The libretto references James Lovelock’s Gaia theory, and it also seems more than coincidence that the other schoolteacher Watkins’s iterations of that significant word “Gaia” are set to a falling two-note figure very much like Wagner’s ‘Rheingold’ motif, though the harmonies are very different; in fact their resigned, valedictory mood with celesta in twinkling accompaniment rather recalls the repetitions of “ewig” at the very end of Das Lied von der Erde (again, perhaps deliberately?). In general, though, the musical style is entirely characteristic of Dove, if not exactly so motorically propulsive as usual. But he has a keen sense for the shifting dramatic episodes, well realised in the music. And, in what will quite probably and deservedly become a favourite extract from the opera, Itch’s catalogue aria, summarising the attributes of around twenty elements, expresses a captivating, lyrical awe at the mystery of the universe. There and elsewhere it seems remarkable that only twelve performers make up the instrumental accompaniment. Jessica Cottis’s account with the members of the City of London Sinfonia sustains an absolutely sure grip of the music that doesn’t simply accompany the sung text, but establishes a dynamic aura for each scene.

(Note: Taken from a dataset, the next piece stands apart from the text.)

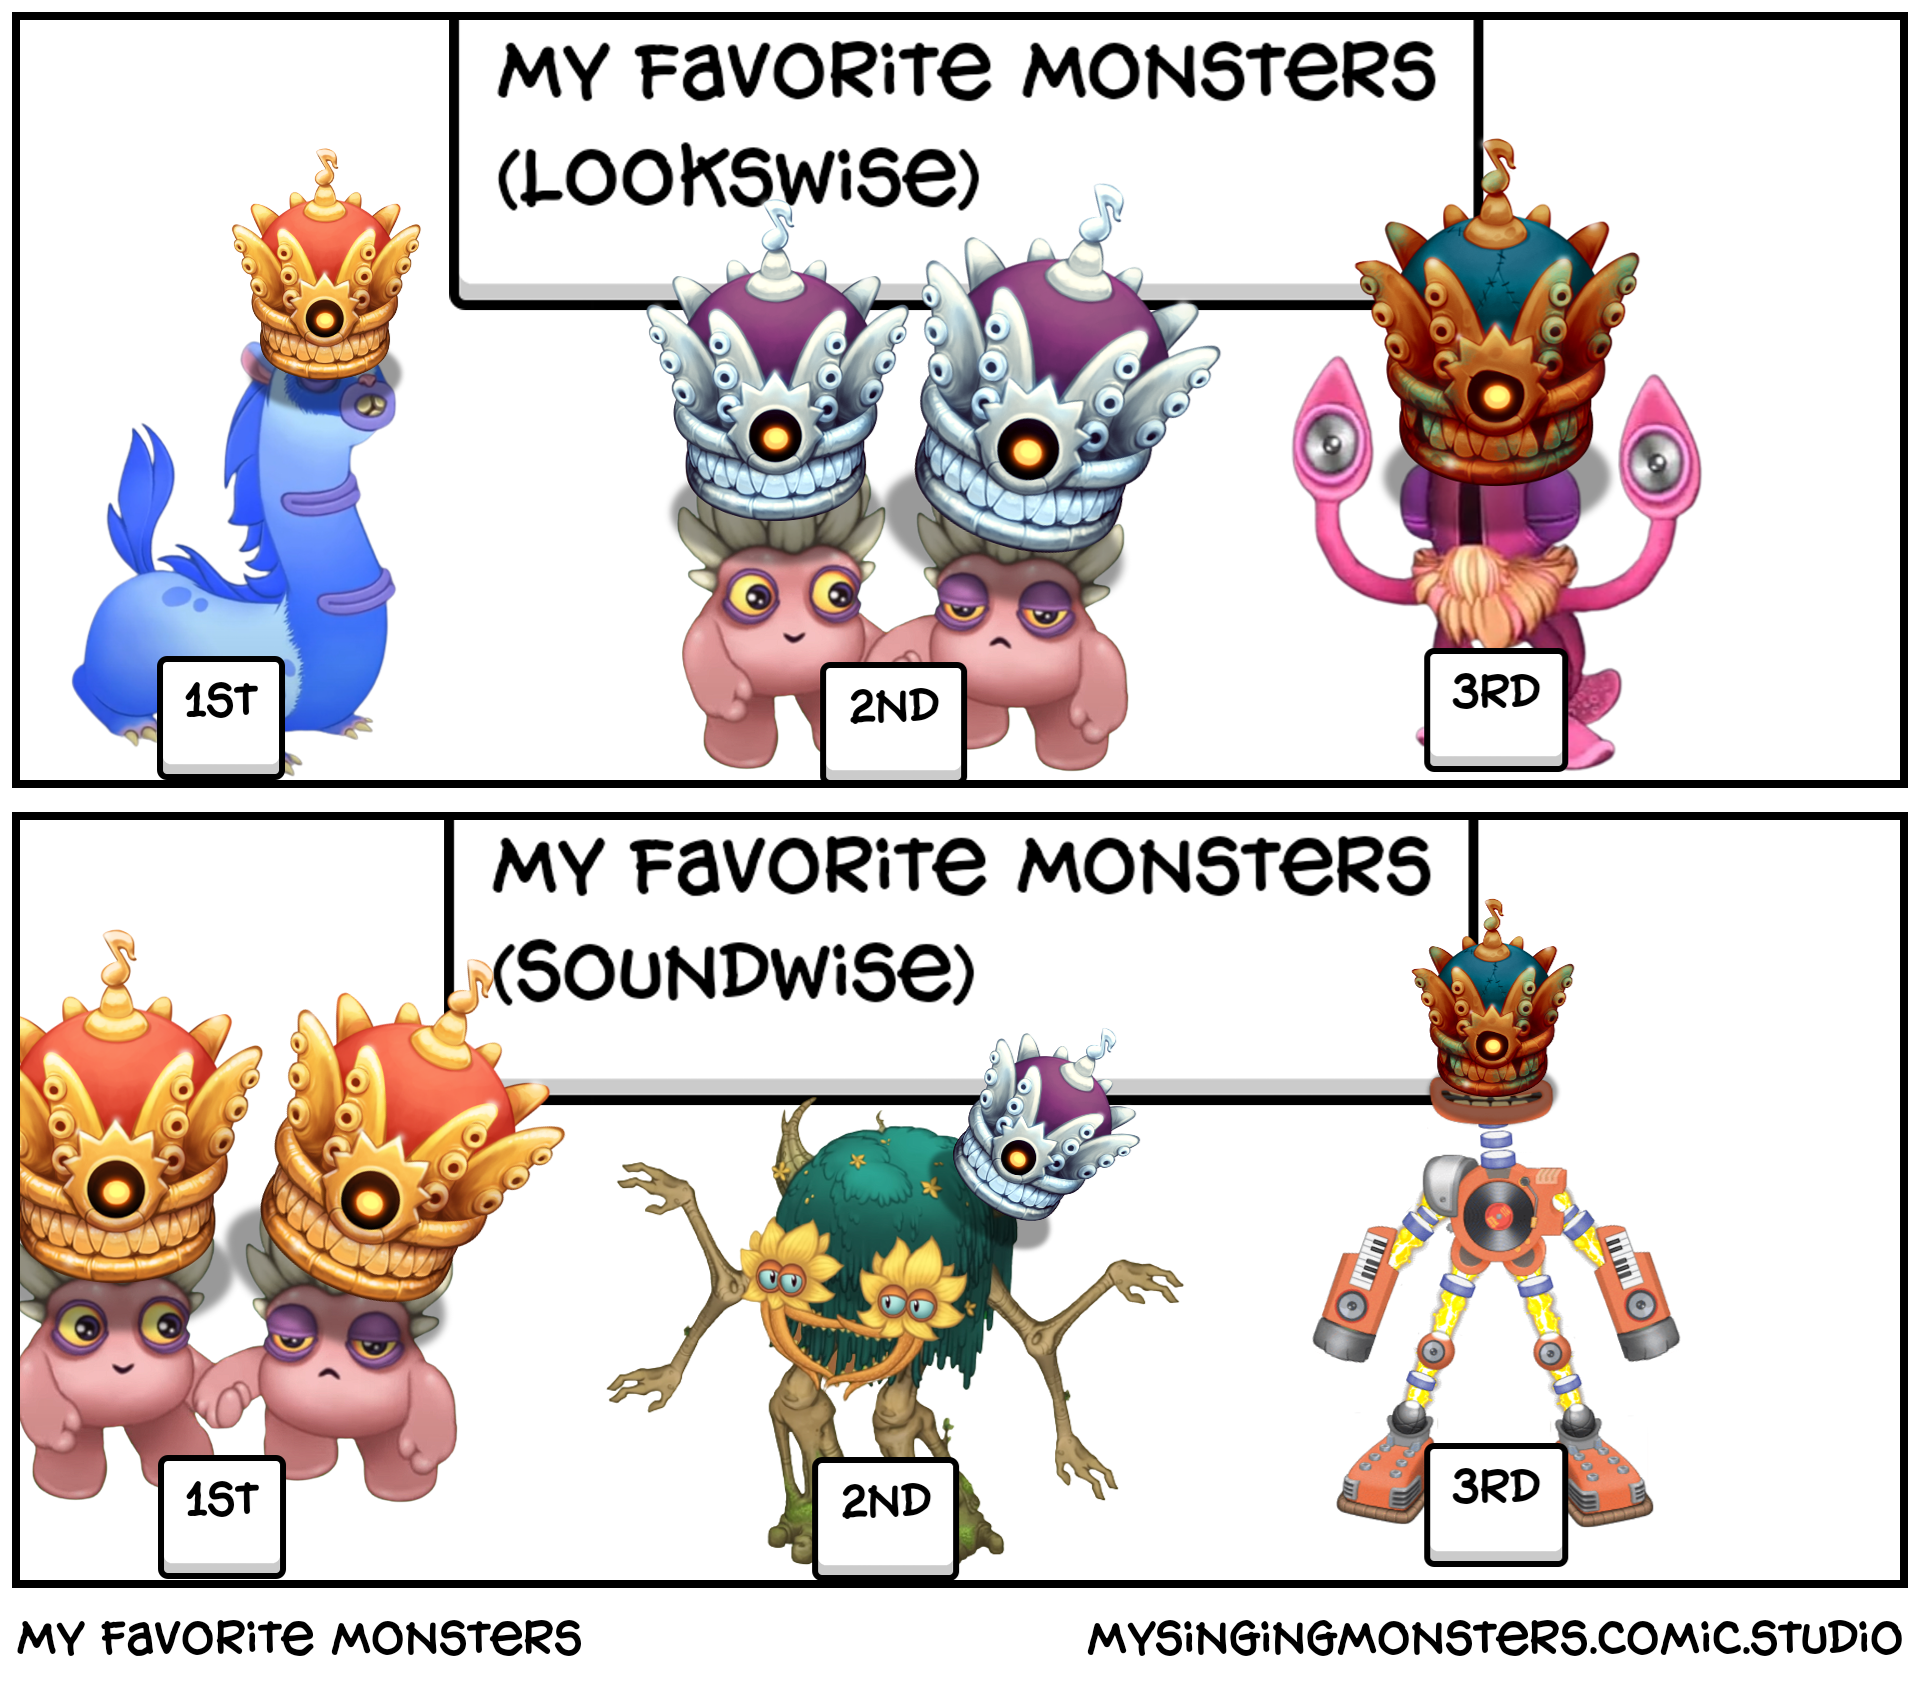 My favorite monsters

Dove also draws the characters’ different personalities assiduously in the score, and the cast generally do that justice. Adam Temple-Smith gives a thoughtful, searching account of the schoolboy Itch, while Natasha Agarwal as his sister, Jack, is blither. Eric Greene conveys a calm reassurance as their father, Nicholas, if lacking in tonal variety. Rebecca Bottone embodies a certain solid maternal authority as Jude, the mother; but she stands out in the almost hysterical persona of Greencorps’s boss, Roshanna, where the music’s darting, unpredictable line and stratospheric register holds no fear for her.

Nicholas Garrett eloquently captures Flowerdew’s impatient, scheming nature, in contrast with Victoria Simmonds’s soaring Watkins. As the rather withdrawn, unconventional Cake, James Laing rightly sounds otherworldly and unhampered, affording another compelling contrast with Rob Burt’s rough, boisterous energy for Evert, the mine’s owner, and Kinch, Flowerdew’s accomplice.

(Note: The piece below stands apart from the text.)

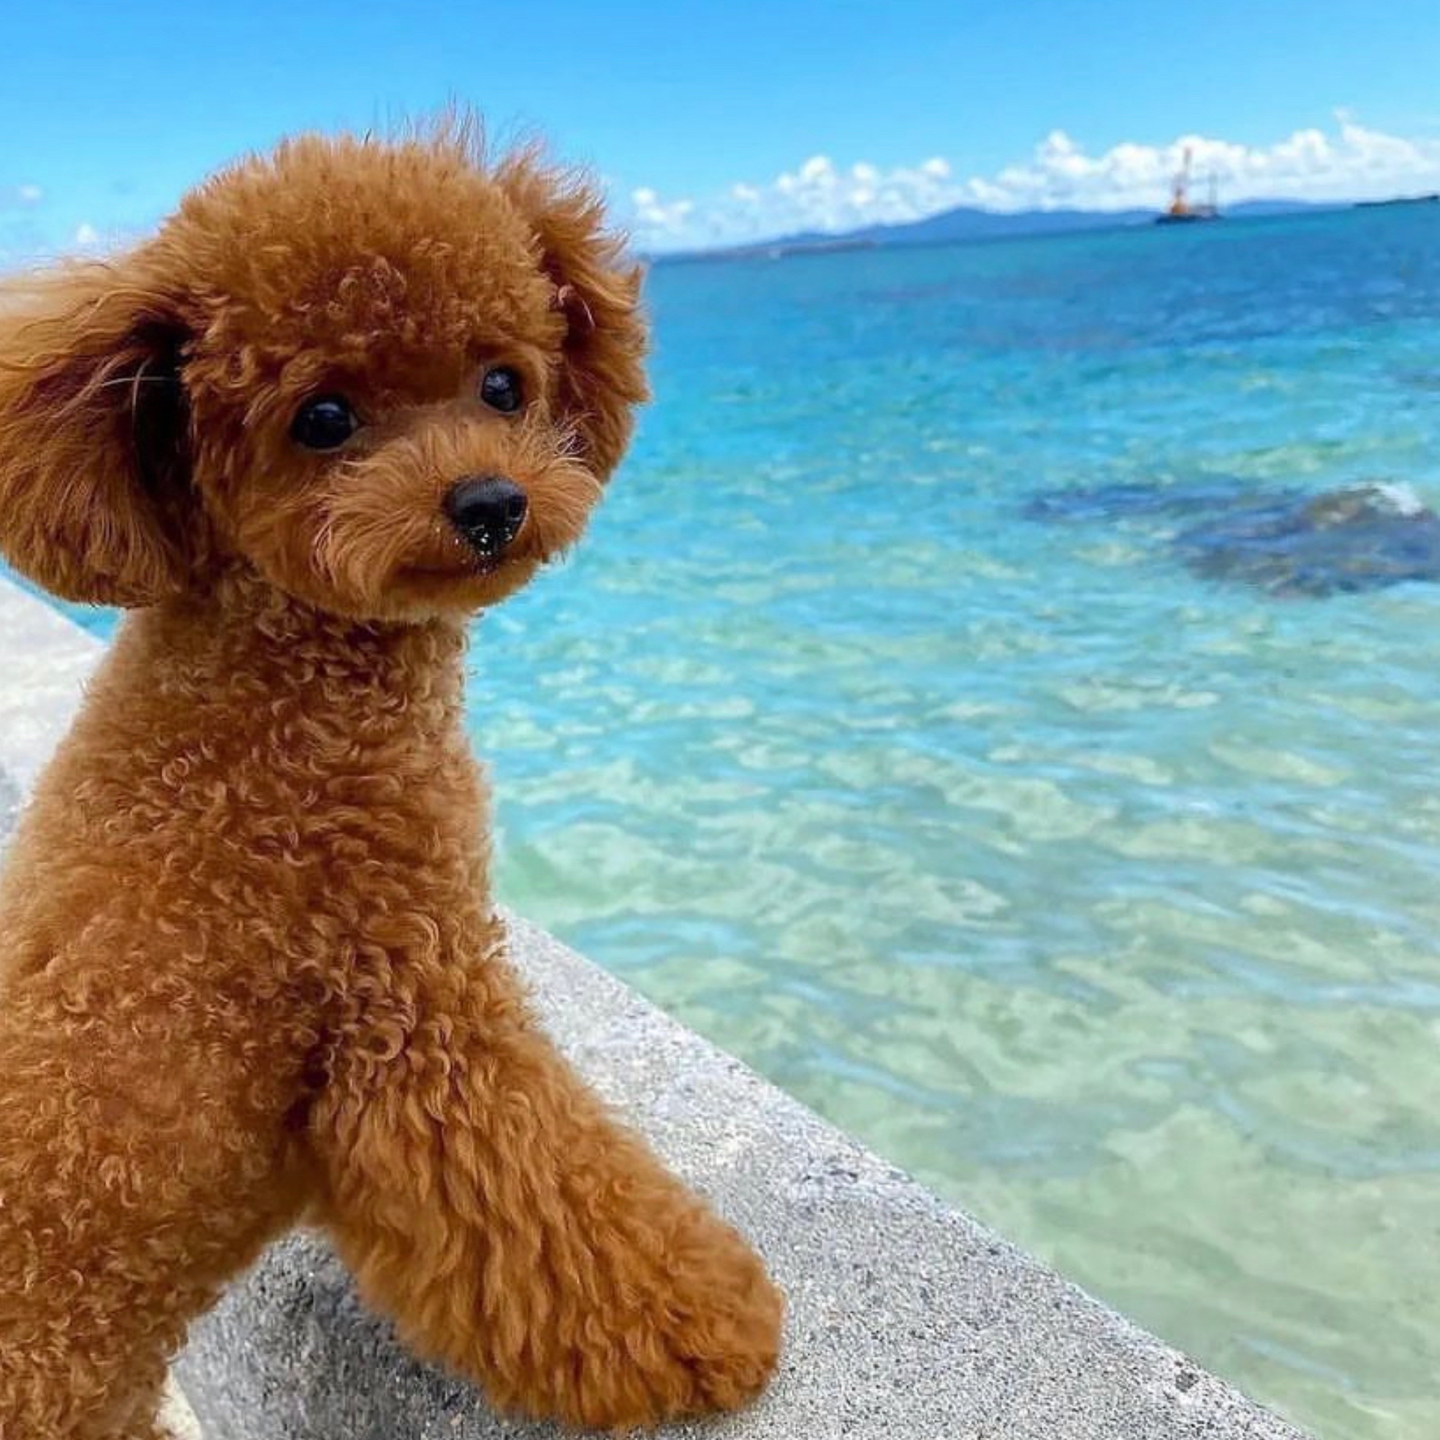 A poodle enjoying the seaside

The opera may have its origins in stories for children, but it has just as much to say to adults. It’s an attractive piece – neither obscure nor facile – and doesn’t preach. It should, therefore, become at least as admired and often performed as Dove’s best-known opera to date, Flight – and arguably deserves to be more so, as the drama is tautly drawn and concerns a subject that affects us all, whether we like it or not.